Соболев обратился к председателю Совета министров А. Н. Косыгину с просьбой выплатить ему хотя бы часть гонорара за стихи. Однако правительственные органы не удостоили его ответа. Никогда он не получил ни одной копейки за авторство этой песни. Его вдова вспоминала, что при многочисленных концертных исполнениях “Бухенвальдского набата” имя автора стихов никогда не называли. И постепенно в сознании слушателей утвердилось словосочетание: “Мурадели.
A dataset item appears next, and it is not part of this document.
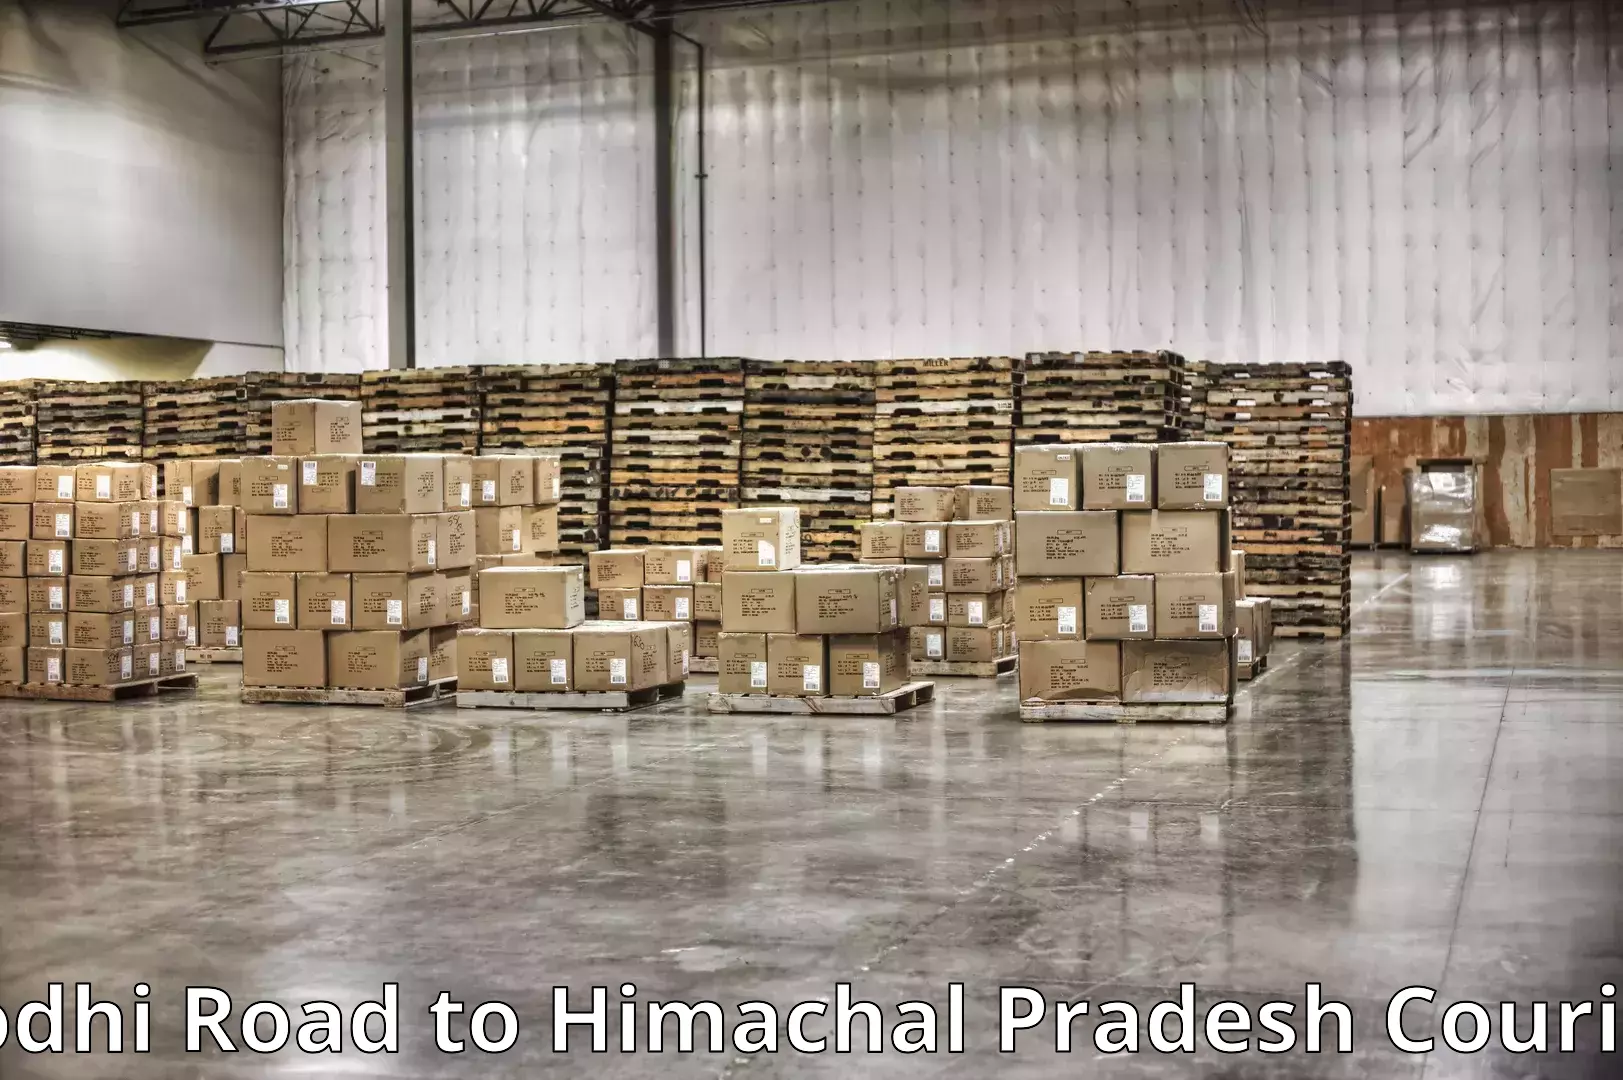 Household moving strategies Lodhi Road to Una Himachal Pradesh

Бухенвальдский набат”.

Итак, несмотря на колоссальный всемирный триумф “Бухенвальдского набата” (его даже привез на гастроли в Москву японский хор “Поющие голоса Японии”, а в Советском Союзе исполняли все самые лучшие солисты, в том числе Муслим Магомаев), автор слов песни, вместо славы, был обречен на нищенскую жизнь пасынка – “побочного сына России” (это слова самого поэта)… У Соболева песню просто-напросто отняли, столкнув его с государственным антисемитизмом.

В это же время советские газеты писали о Венском фестивале: “Фестиваль еще раз продемонстрировал всему прогрессивному человечеству антивоенную направленность политики Советского Союза и великую дружбу народов, населяющих СССР. Это членами советской делегации была исполнена лучшая антивоенная песня фестиваля “Бухенвальдский набат”. Это советский поэт призывал: “Люди мира, будьте зорче втрое, берегите мир, берегите мир!””.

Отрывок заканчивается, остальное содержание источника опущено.